Stored data START
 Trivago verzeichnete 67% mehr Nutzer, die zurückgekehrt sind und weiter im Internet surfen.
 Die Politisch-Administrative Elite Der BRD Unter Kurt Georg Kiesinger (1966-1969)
Stored data END
Stored data START
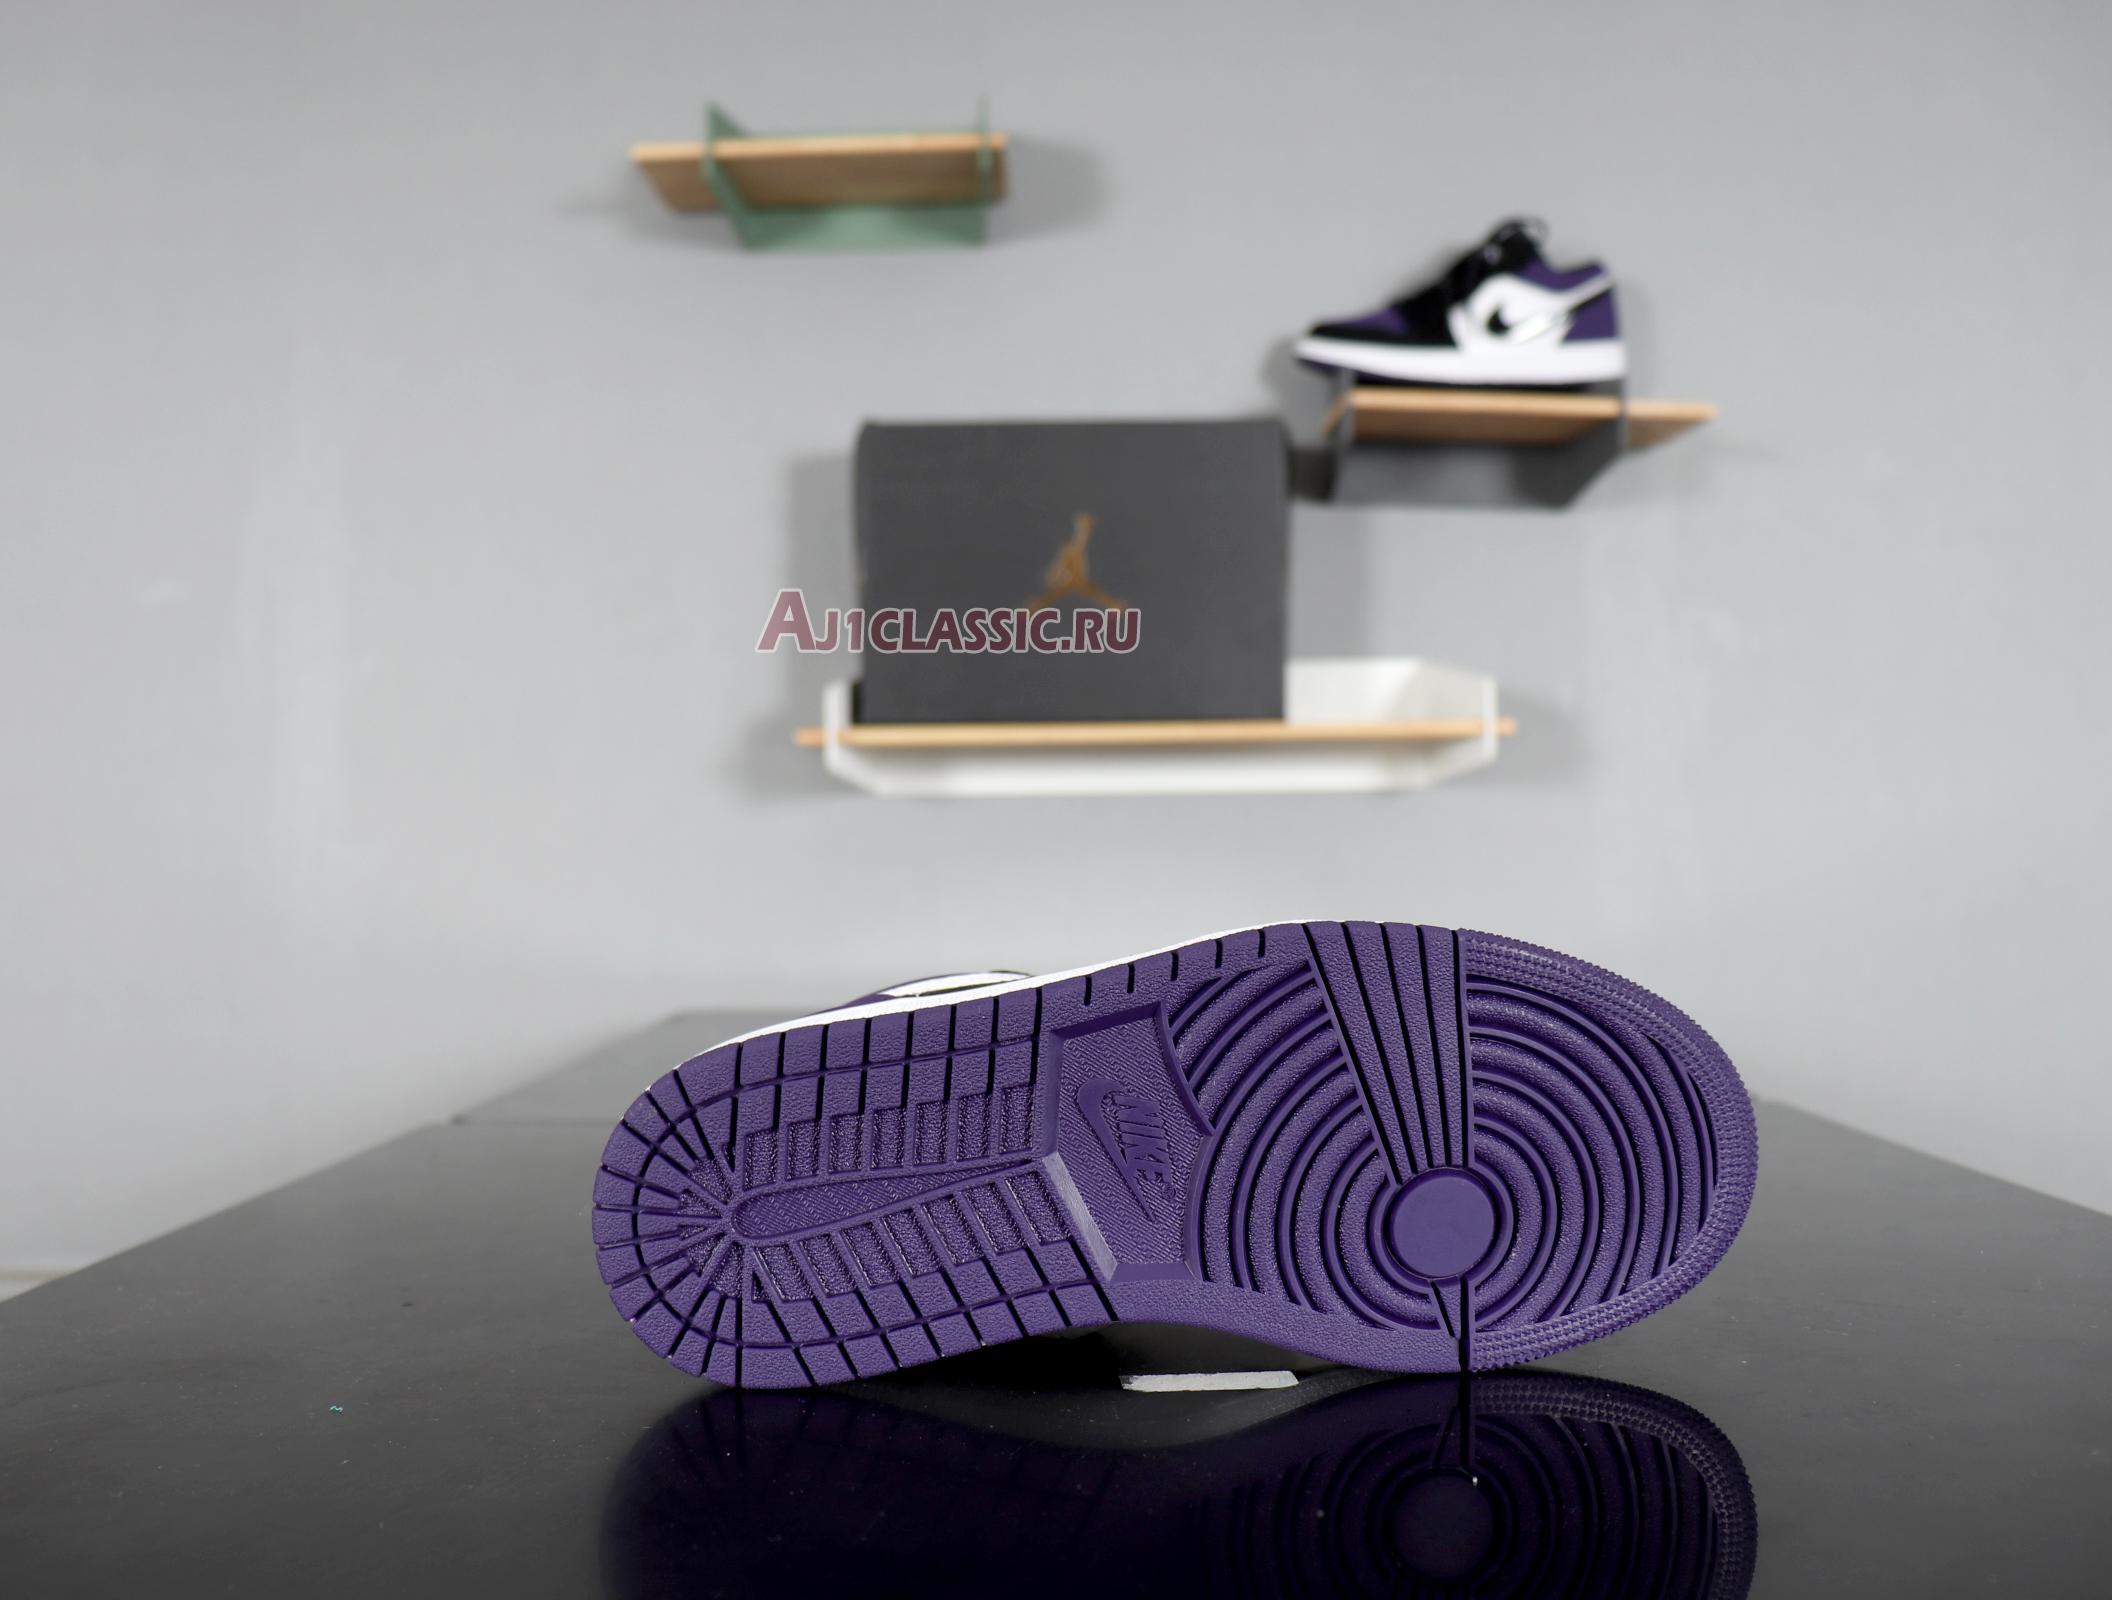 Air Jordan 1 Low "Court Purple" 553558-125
Stored data END
- **Work to complete**: Print only what lies in the material above starting at the line with "Trivago verzeichnete 67%" and ending at the line with "Die Politisch-Administrative Elite", every line exactly as given.

- **Result below**:
 Trivago verzeichnete 67% mehr Nutzer, die zurückgekehrt sind und weiter im Internet surfen.
 Die Politisch-Administrative Elite Der BRD Unter Kurt Georg Kiesinger (1966-1969)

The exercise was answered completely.